What you have to do
Exactly as written, reproduce the lines from the beginning of the data through the line containing "Вывеска компании Major"; the pictures are not reproduced.

Dataset extract
☆ ☆ ☆ ☆ ☆

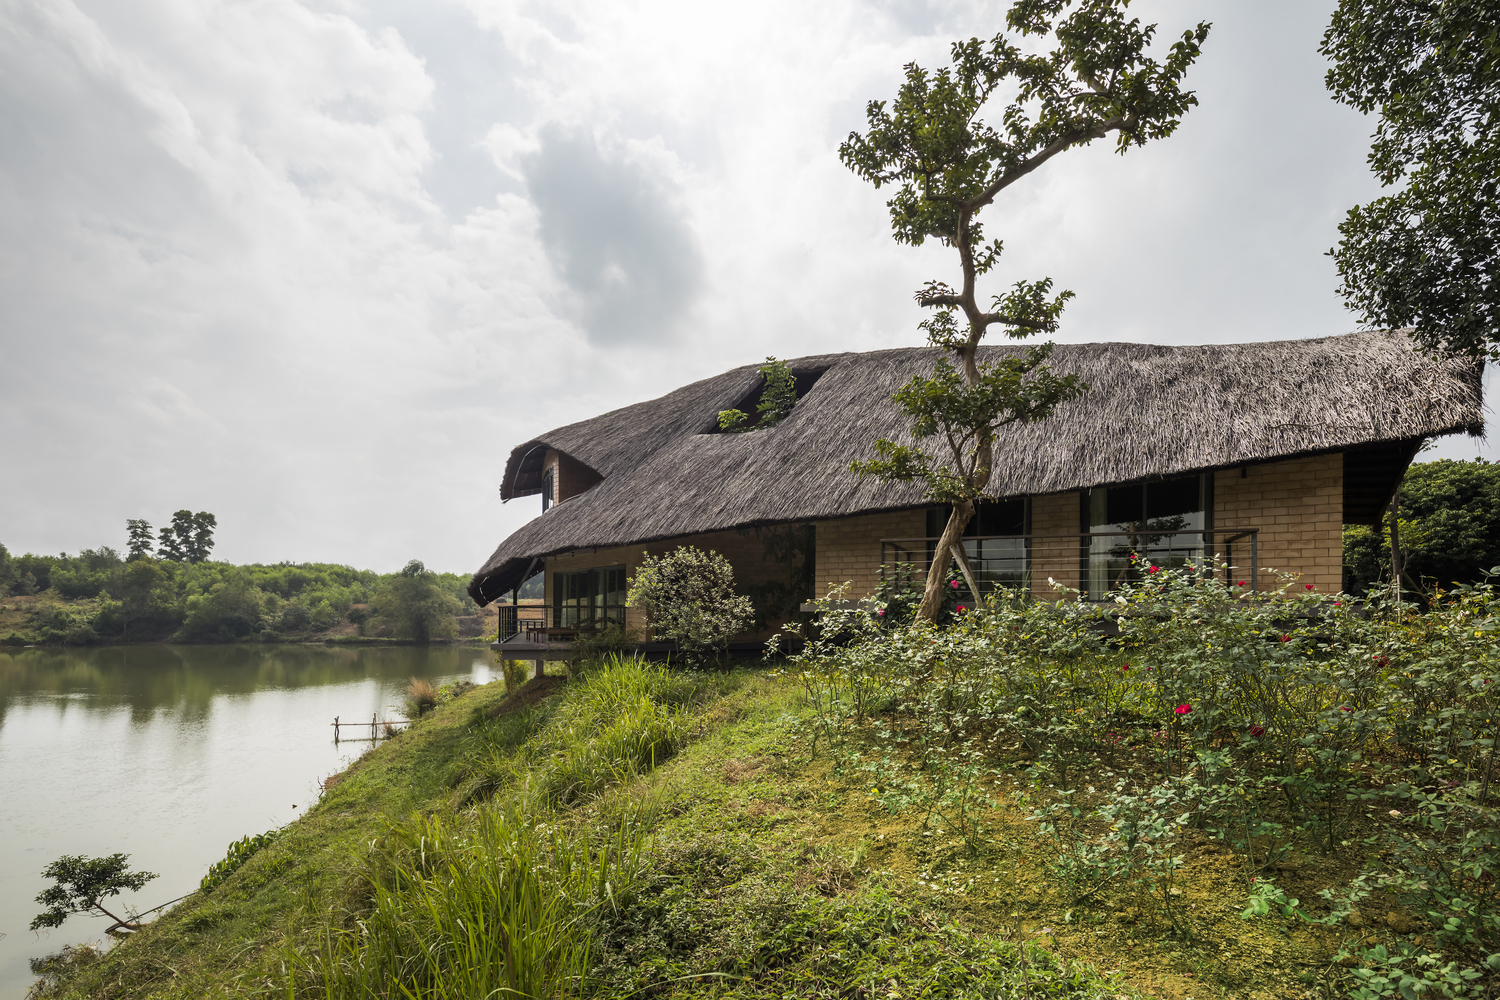 Ngôi nhà view nhìn ra hồ nước tuyệt đẹp, kiến trúc gợi hình ảnh làng quê Việt tại ngoại thành Hà Nội - Ảnh 5
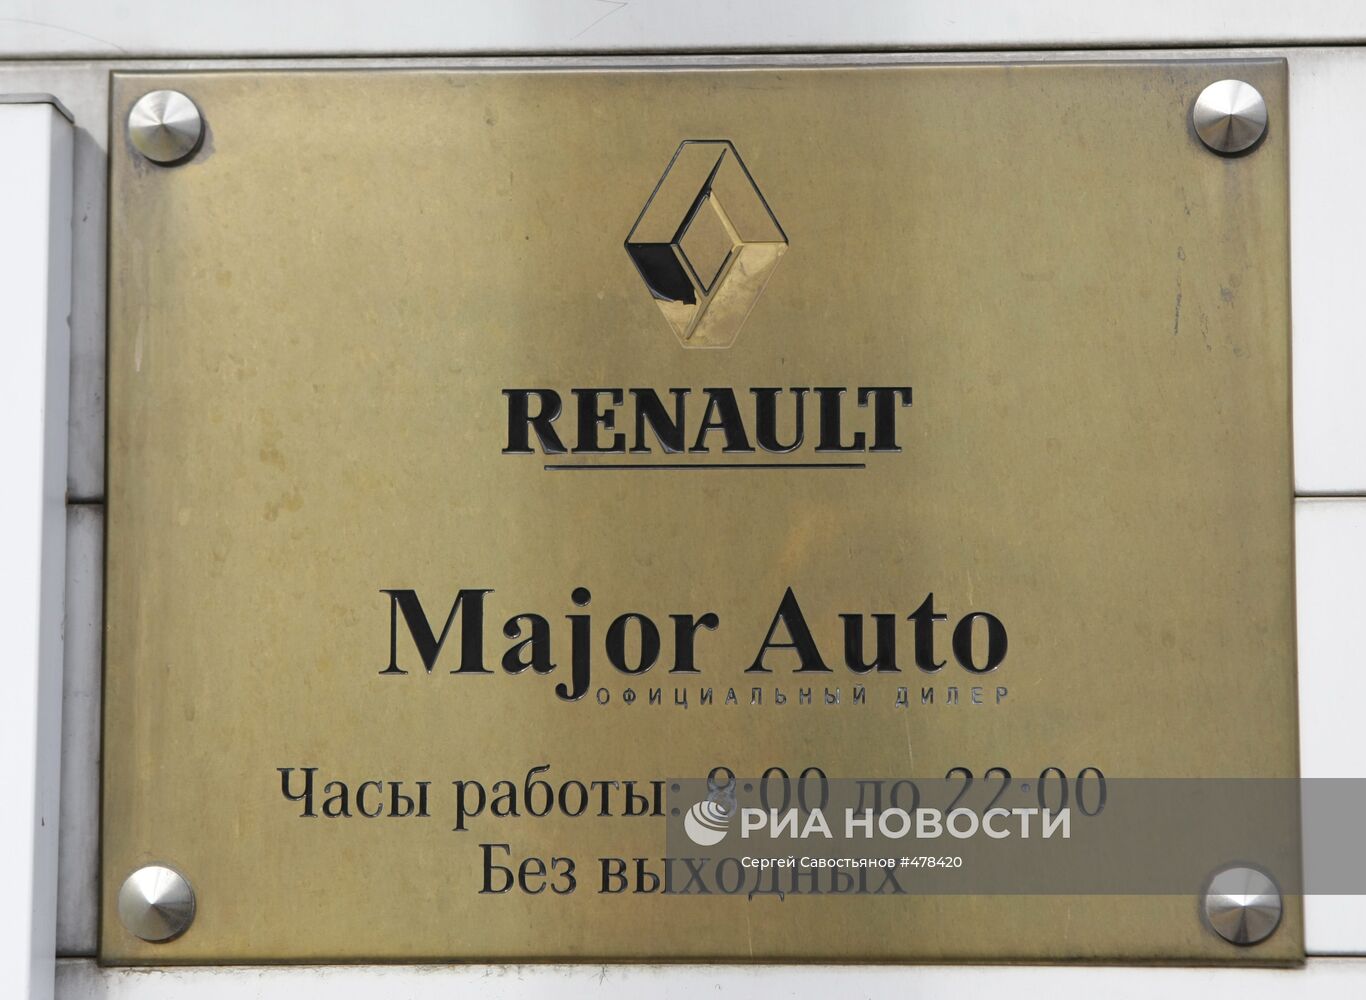 Вывеска компании Major Auto (официальный дилер Renault)
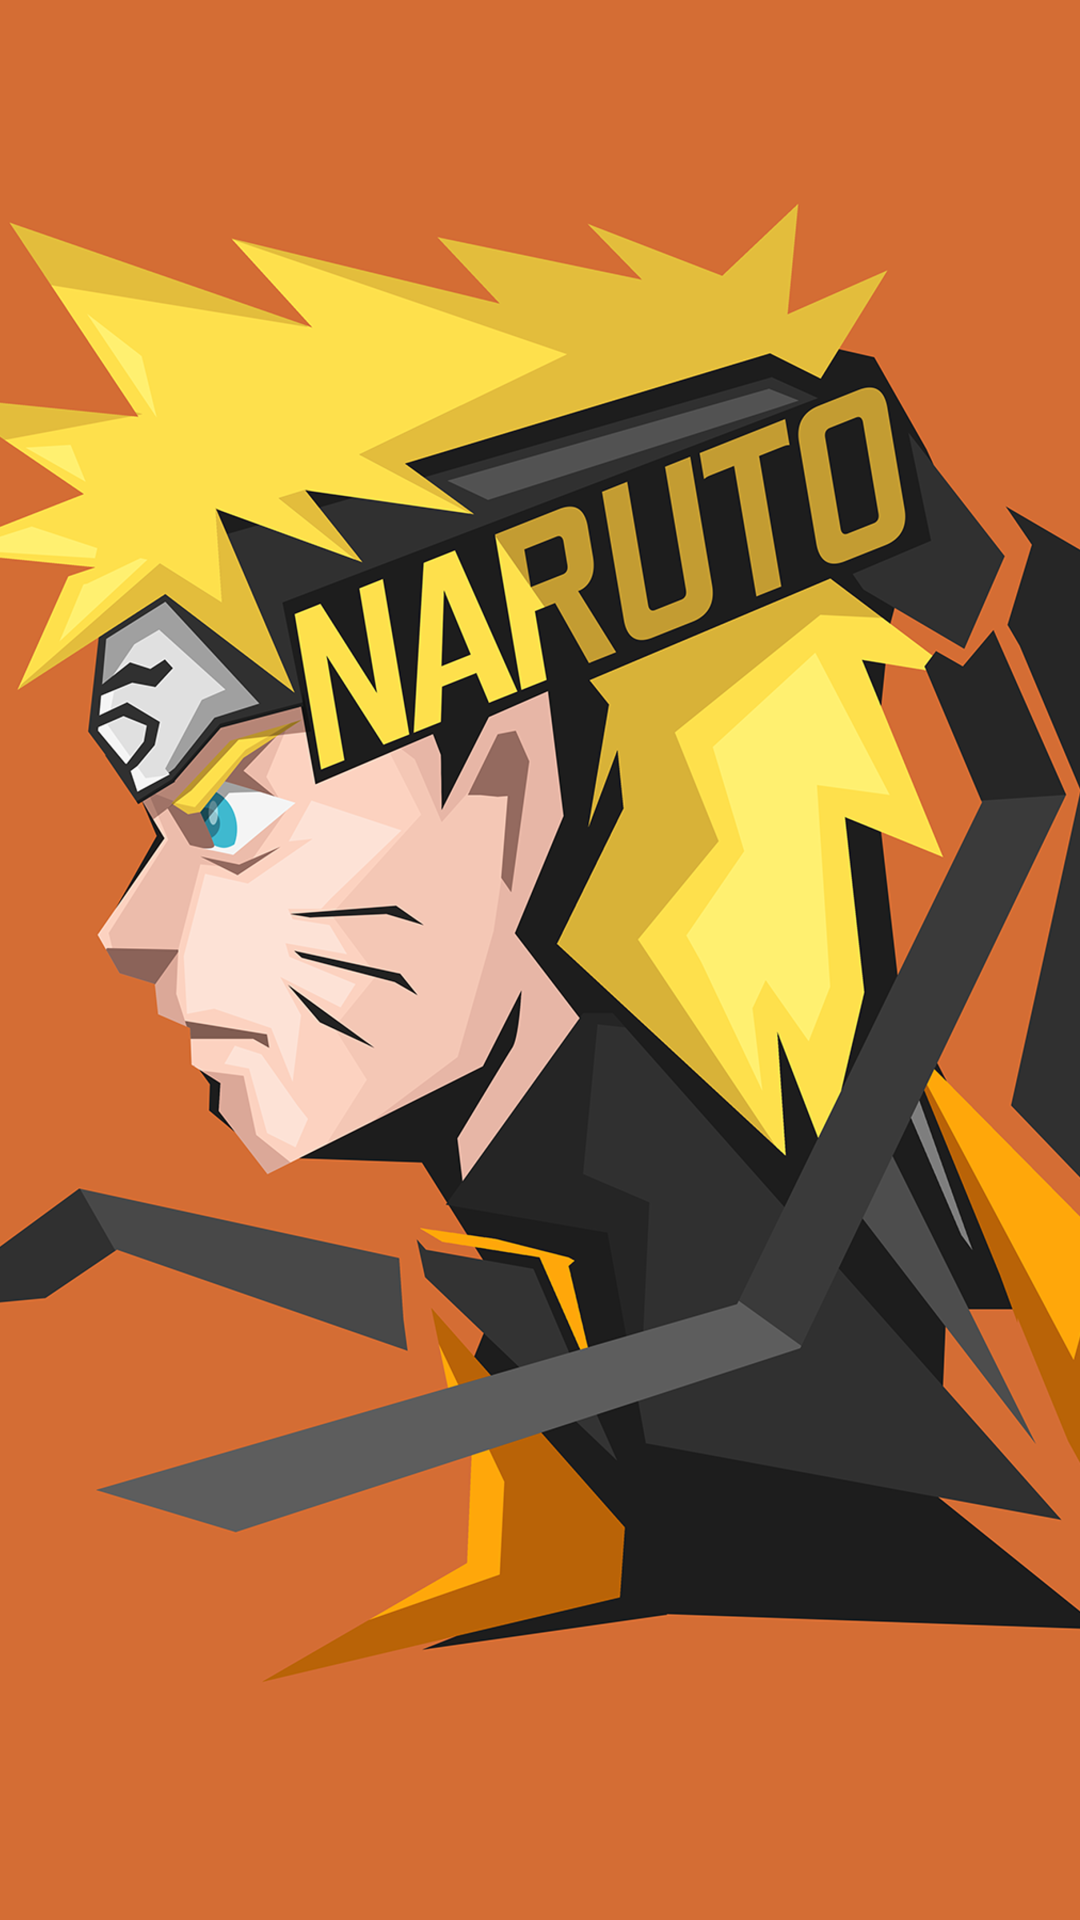 Naruto Uzumaki: Hãy cùng chiêm ngưỡng hình ảnh Naruto Uzumaki - nhân vật chính trong bộ truyện tranh cùng tên, một người được hệ thống ninja tôn vinh với khả năng áp chế Đuổi Bắt, điều khiển Năng Lượng, bảo vệ làng Lá - Tuyệt Vời!

☆ ☆ ☆ ☆ ☆

Exercise answer
 Ngôi nhà view nhìn ra hồ nước tuyệt đẹp, kiến trúc gợi hình ảnh làng quê Việt tại ngoại thành Hà Nội - Ảnh 5
 Вывеска компании Major Auto (официальный дилер Renault)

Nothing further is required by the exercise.